少しマンションに憧れがあったのだが仕方がない。ボロいアパートにしか、住んだ事がなかったせいか、凄く高い場所からの景色を見たいだけだった。
「伊町さん、洋子さん、本当にありがとうございます。家族皆んなで感謝しているんですよ。特にお義母さんは伊町さんの事を褒めちぎっていました。」
そうお礼を言ってきたのは、宿の街で知り合い、ご主人の暴力から逃げ出してきた佐々木さんだ。あの頃と比べて、笑顔が良く見られる程明るくなっていた。
「いえいえ、お役に立てたのなら嬉しいですよ。……、ちょ、ちょっと近いですお婆ちゃん…。」
佐々木さんにそう答えているところに、義母の『タケ子』さんが歩み寄ってきていた。

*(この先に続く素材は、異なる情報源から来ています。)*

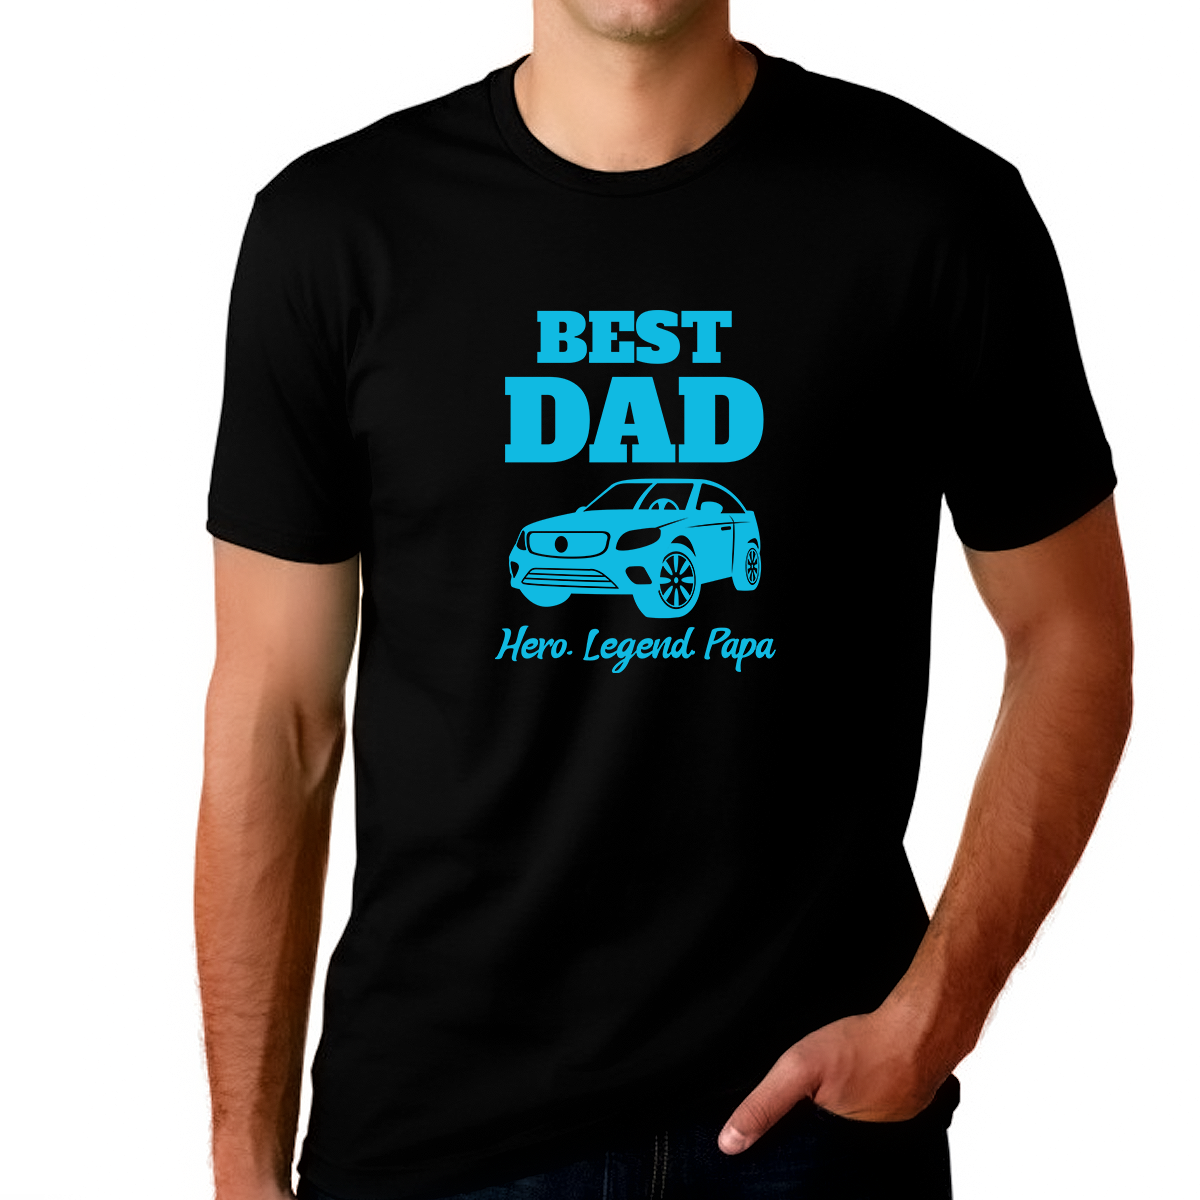 Dad Shirts for Men Fathers Day Shirt Car Dad Shirt Best Dad Shirt First Fathers Day Gifts

しかも目線の高さを合わせたいのか、低い脚立まで用意してだ。顔が近い上に無言で、尖らせた口を寄せてくるのは止めて頂きたい。手際よく洋子さんが引き剥がしてくれたが、まだ脚をバタつかせている佐々木の婆ぁさん。
「い〜ま〜ち〜、ワシの伊町が〜ぁ、こりゃ娘!離しぇ〜!……。」
「す、すみません、ウチの義母がご迷惑を。伊町さんのファンなので。」
「あ…、いえ…、ハハハハ…。」
毎度のことだが、この佐々木の婆ぁさんは、ボクの唇を奪おうと、日々色々な手を使ってトライしてくる。洋子さんも慣れてしまい、最近では、剥がして除去する手際も良くなった。害虫駆除業者顔負けだ。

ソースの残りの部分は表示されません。